Hashing hashes – building blocks of the blockchain ledger.
Merkle Trees
Merkle (a person) realized it’s easier working with hashes of hashes than with large original blocks of data that keep growing. He defined the math and methods for hashing hashes of blocks of data.
Each block contains thousands of transactions. Storing all data as a flat series is inefficient for verification and lookup. With a Merkle tree, you can quickly determine whether a particular transaction belongs in a block.
These notes assume that new data/changes are appended rather than edited in place in old data blocks that have already been hashed.
We want to add data to a file (add file 2 to file 2).
Using a hash tree like a Merkle tree:
- Reduces the amount of data a trusted authority must maintain to prove integrity.
- Reduces network I/O required for verification and synchronization.
- Separates validation from the data itself. The Merkle tree can reside locally, on a trusted authority, or across a distributed system (you might maintain your own tree). This decoupling allows separate persistence strategies for the Merkle tree and the underlying data.
So the answer to “why” is three-fold:
- Merkle trees provide a way to prove integrity/validity of your data.
- They require little storage and proofs are computationally easy and fast.
- Merkle proofs require only small, terse messages across a network.
Merkle trees (and variations) are used to provide:
- consistency verification
- data verification
- data synchronization
Consistency Verification
Merkle (hash) trees allow easy consistency validation.
Instead of comparing the data, you compare the tree of hashes. This is fast and easy.
This does not prove the data is the same, but it proves the hash trees are consistent.
A “consistency proof” lets you verify that two versions of a hash tree are consistent:
- the later version includes everything in the earlier version
- in the same order
- all new records come after records in the older version
If you can prove a hash tree is consistent it means:
- no records have been back-dated and inserted
- no records have been modified
- the hash tree has never been branched or forked
It is time-consuming and computationally expensive to check entire files whenever a system needs to verify data. This is why Merkle trees are used: they limit the amount of data sent over a network. Instead of sending an entire file, send a hash and use the tree to locate inconsistencies.
- Computer A sends a hash of the file to Computer B.
- Computer B checks that hash against the root of the Merkle tree.
- If there is no difference, you’re done. Otherwise continue.
- Computer B requests roots of the two subtrees for the mismatching hash.

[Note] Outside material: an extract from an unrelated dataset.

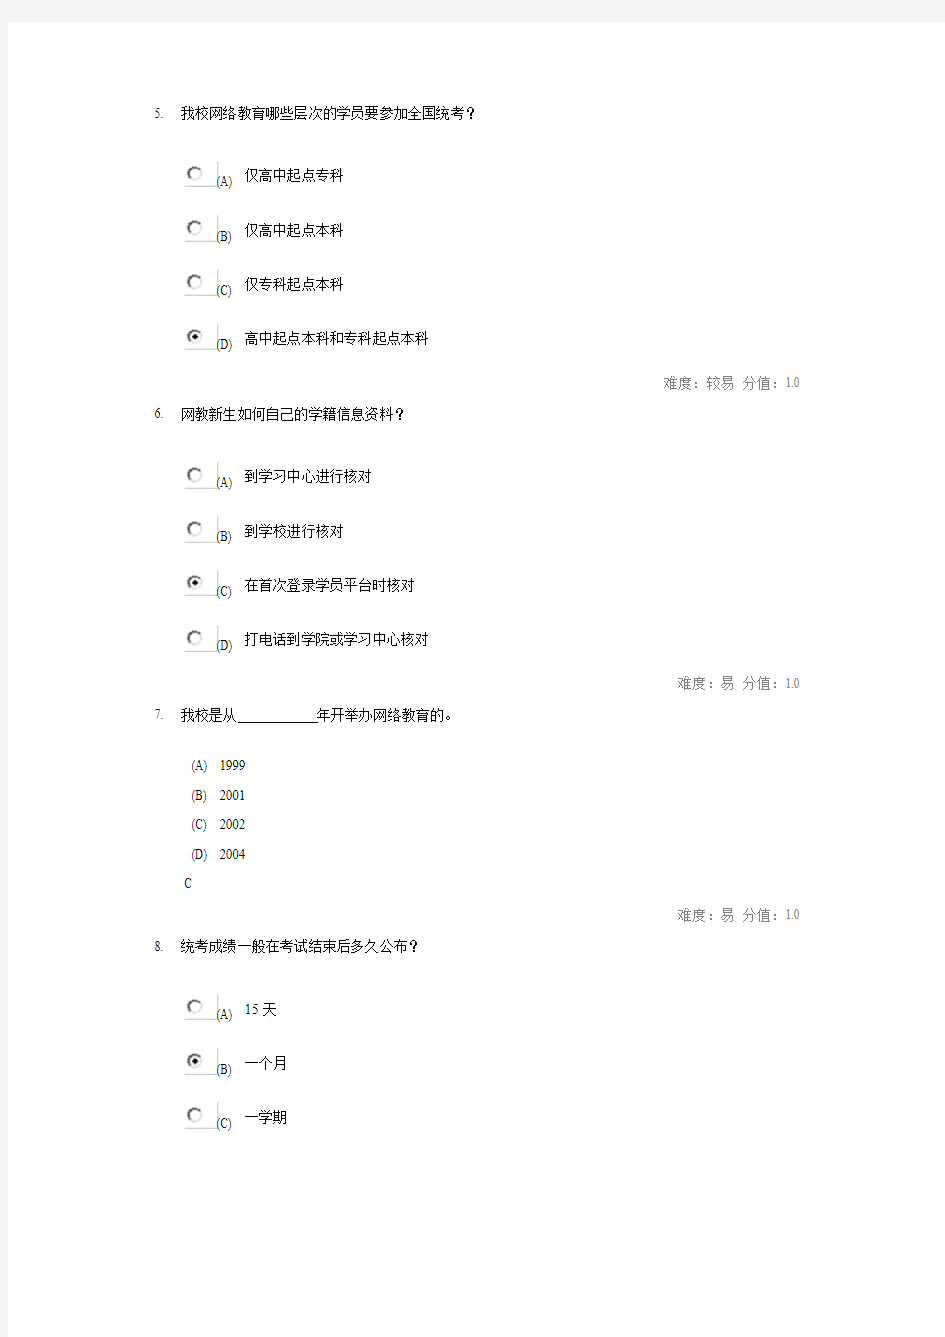 四川农业大学网络导航期末考试试卷,完整版
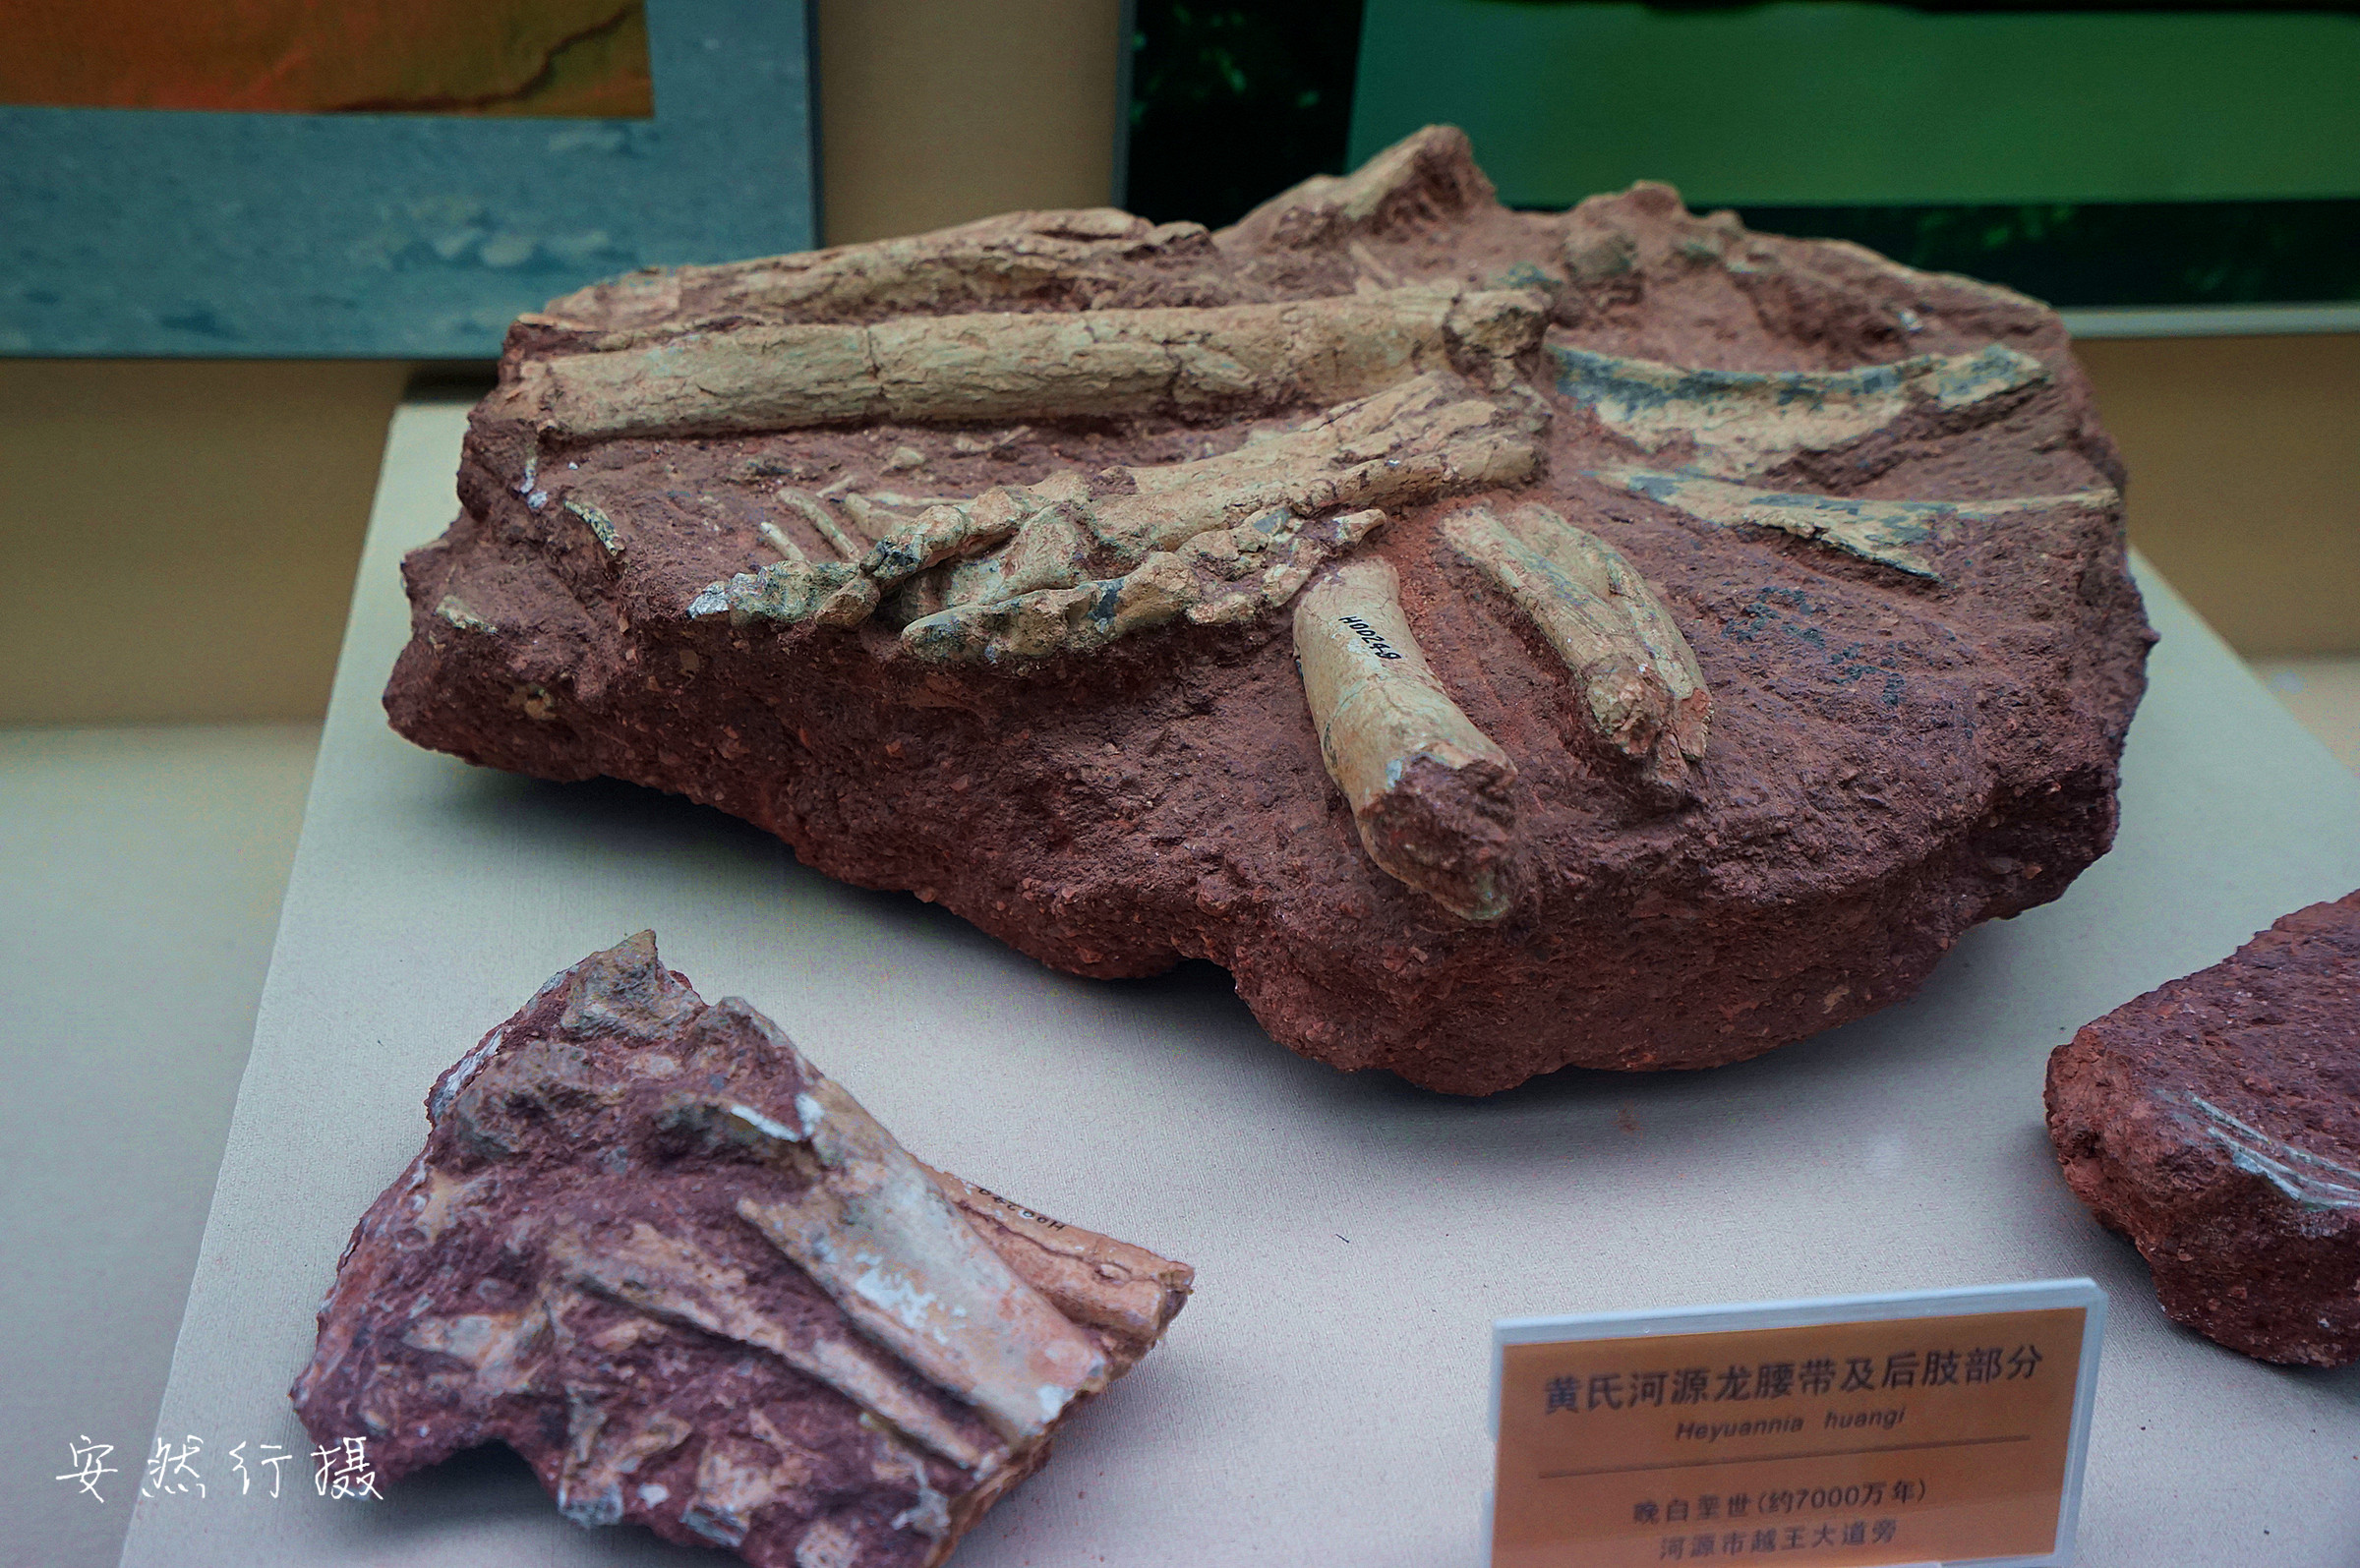 恐龙化石 - 堆糖，美图壁纸兴趣社区

- Computer A creates the necessary hashes and sends them back.
- Repeat until the inconsistent data block(s) are found.
Data Synchronization
Merkle trees are useful for synchronizing data across a distributed data store because they allow each node to quickly identify records that have changed without sending all data to compare.
Making a Merkle Tree
Merkle trees are binary.
- Take any two records and calculate the hash of each.
- Allocate a parent node for the two records (leaves).
- Store the hash of the two child hashes in the parent node.
- Repeat until every pair of records has a parent.
- Repeat until every pair of parents has a parent.
- Continue until you reach the top. This is the Root Node.